You Don't Have to Write the Code

Anthropic watched 400,000 sessions with a coding agent and found that what predicts success isn't your job or your syntax. It's whether you understand the work. That changes who gets to build, and what your expertise is worth.

Jun 17, 2026

This week Anthropic published an analysis of about 400,000 real Claude Code sessions, run between last October and this April. It set out to answer a plain question: when someone sits down with a coding agent, what actually predicts whether they succeed? There is a comfortable answer and a more useful one, and almost everyone is repeating the comfortable one.

The comfortable answer, the one the headlines took, is that anyone can build software now. That part is true, and it is the least interesting thing in the report.

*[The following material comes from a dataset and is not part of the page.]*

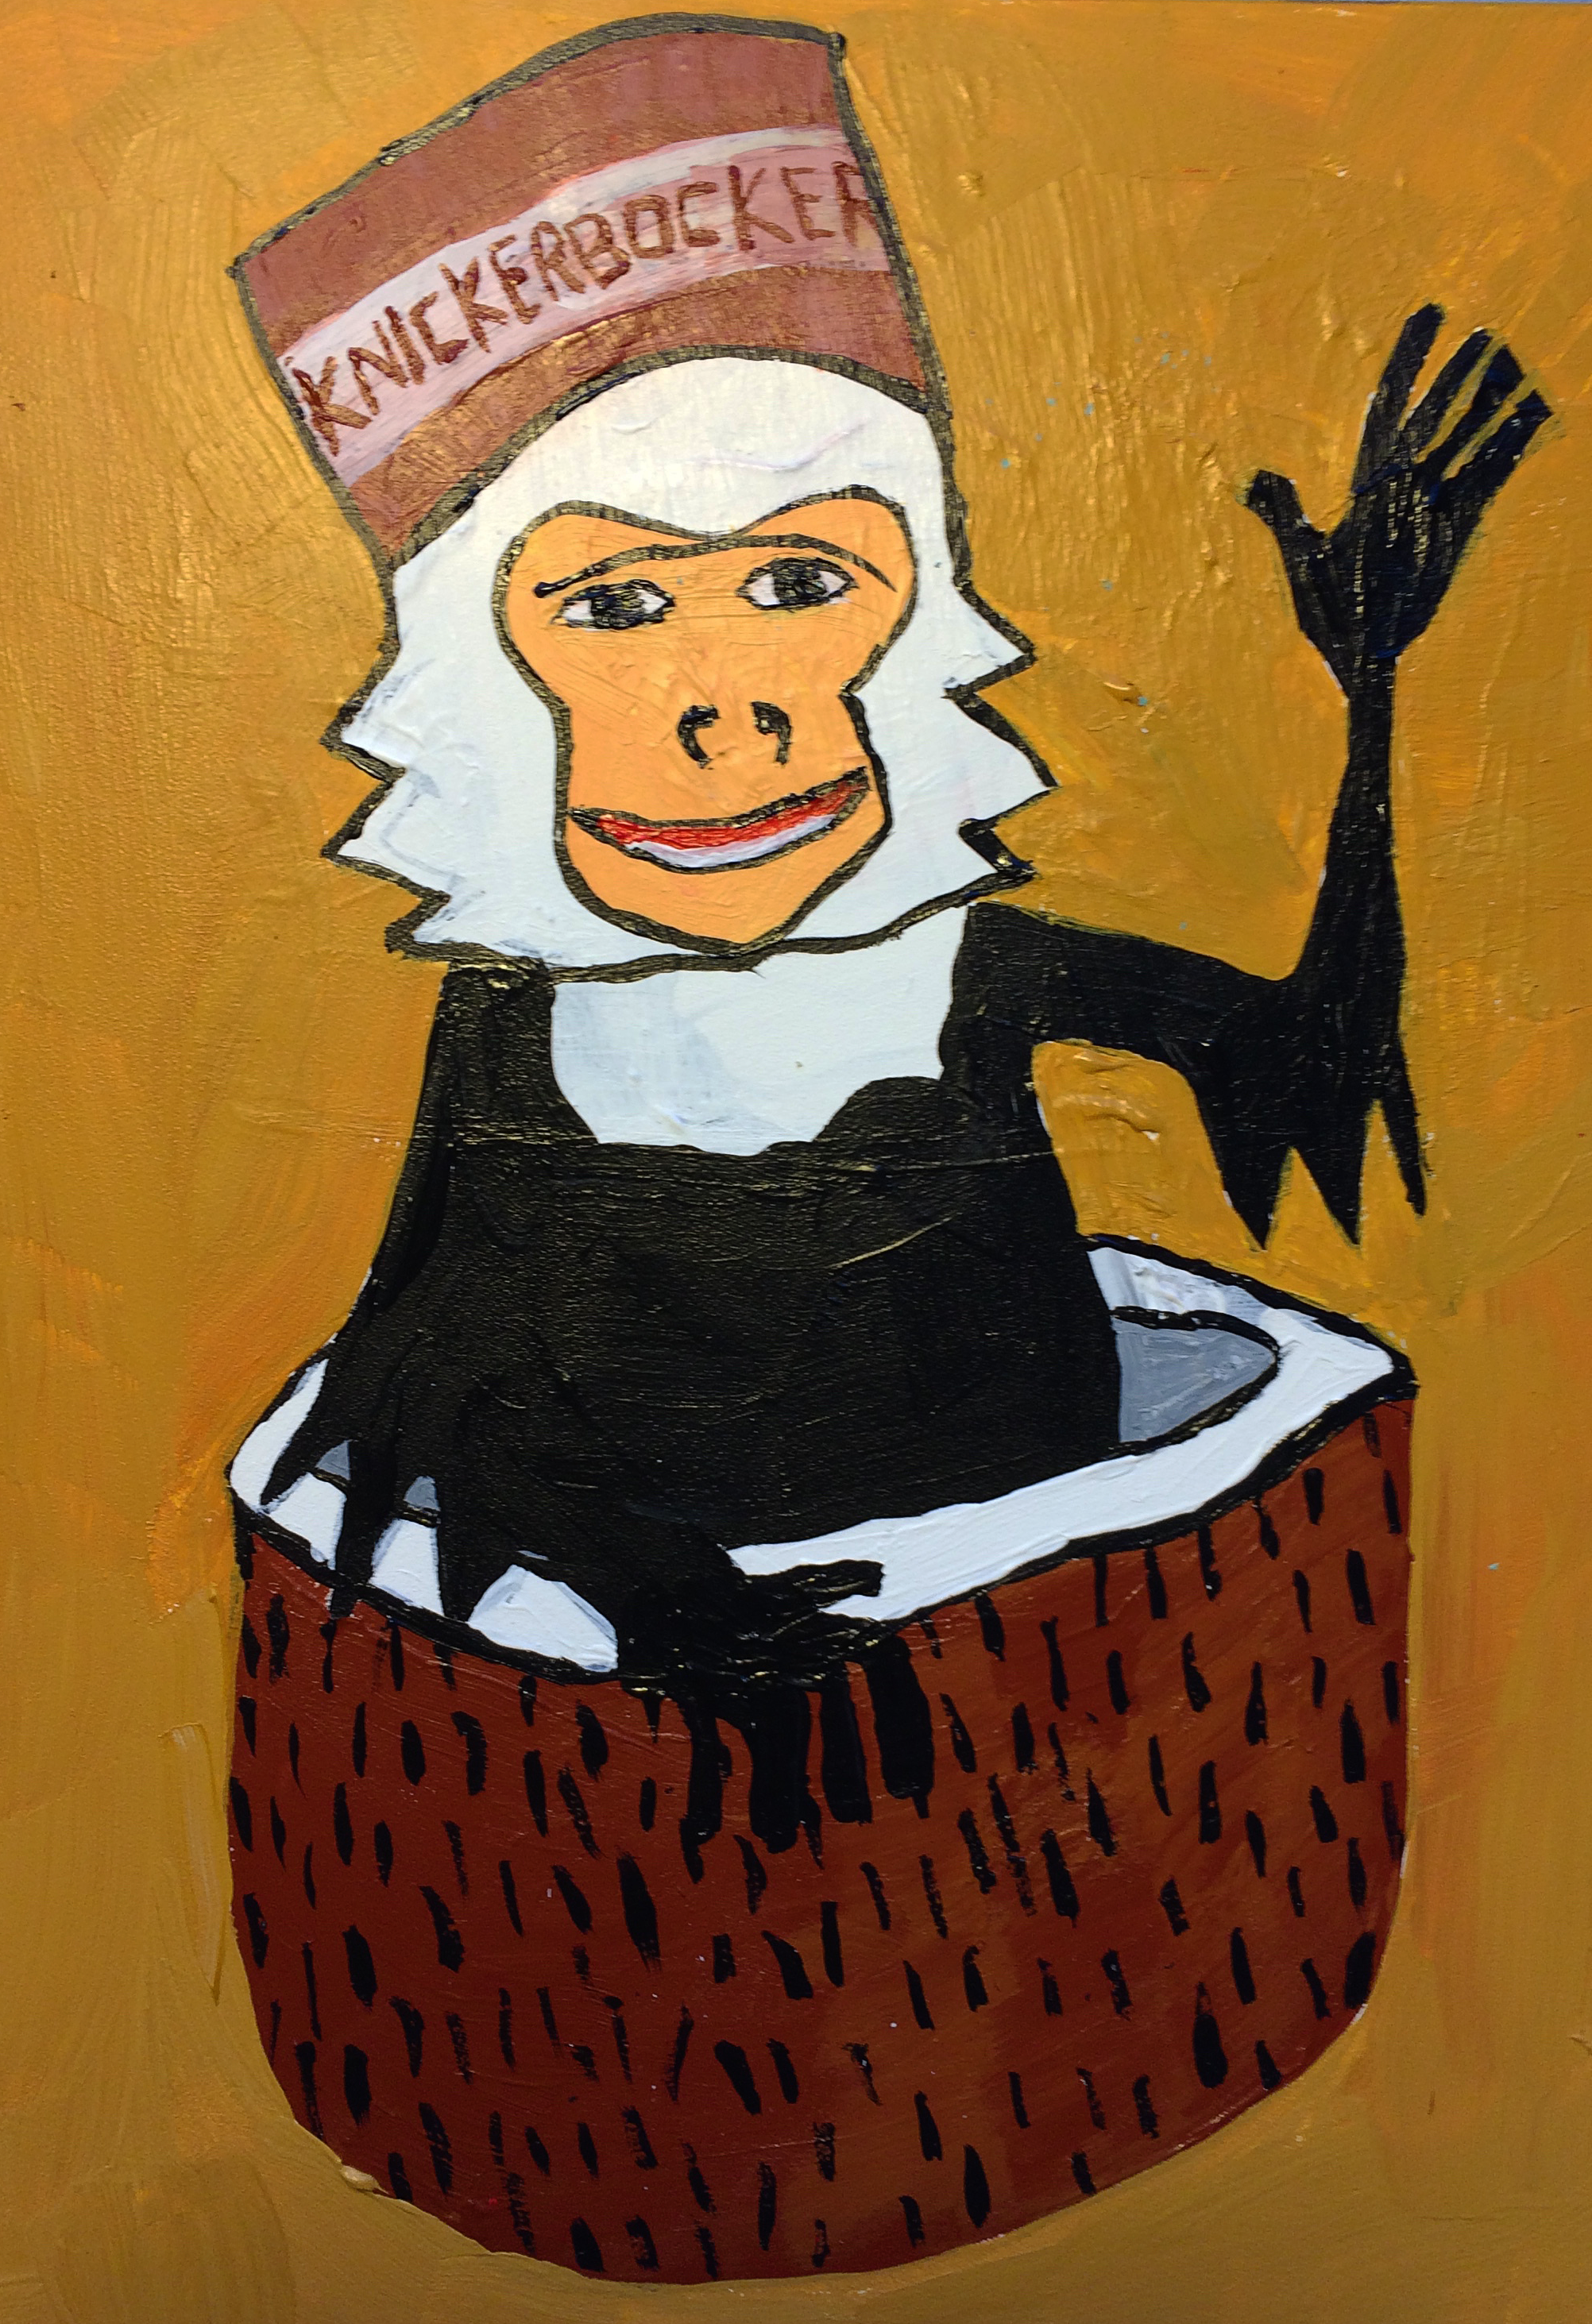 Prince Charles the Monkey

The finding underneath is the one I'd hand to anyone, whether they run a team or just their own work. What predicted success was not your job title, and it was not whether you could write code. It was whether you understood the problem you were trying to solve. Anthropic's own framing: success comes from how well a person understands the work, not whether they're trained in coding.

That is not a story about AI flattening the gap between your best people and your average ones. It is the opposite. The thing you spent fifteen years getting good at just became the thing that decides whether the most expensive tool you're buying actually pays off. I have been making that case for a while. This is the first time anyone has put 400,000 sessions behind it.

What the tool actually divided up

Start with the cleanest number, because it doubles as a mental model you can carry into a Monday meeting.

In a typical session, the human made about 70 percent of the planning decisions and the agent made about 80 percent of the execution decisions. People decided what to build. The agent decided how to build it. That split held across every kind of work they measured, from writing code to running systems to analyzing data.

So the labor didn't disappear. It separated. The agent took the part a lot of people thought was the moat, the ability to actually produce the syntax, and handed back the part that was always the hard part: knowing what to ask for, and whether the answer is any good.

Here is what makes me trust the number. A practitioner reached the same shape from the other side. Addy Osmani, writing in January, found that the developers succeeding with these tools "spend 70 percent of their time on problem definition and verification strategy, 30 percent on execution." Two independent measurements, one watching a population and one watching working engineers, landing on the same line through the work. The tool made the typing cheap. It did nothing for the knowing.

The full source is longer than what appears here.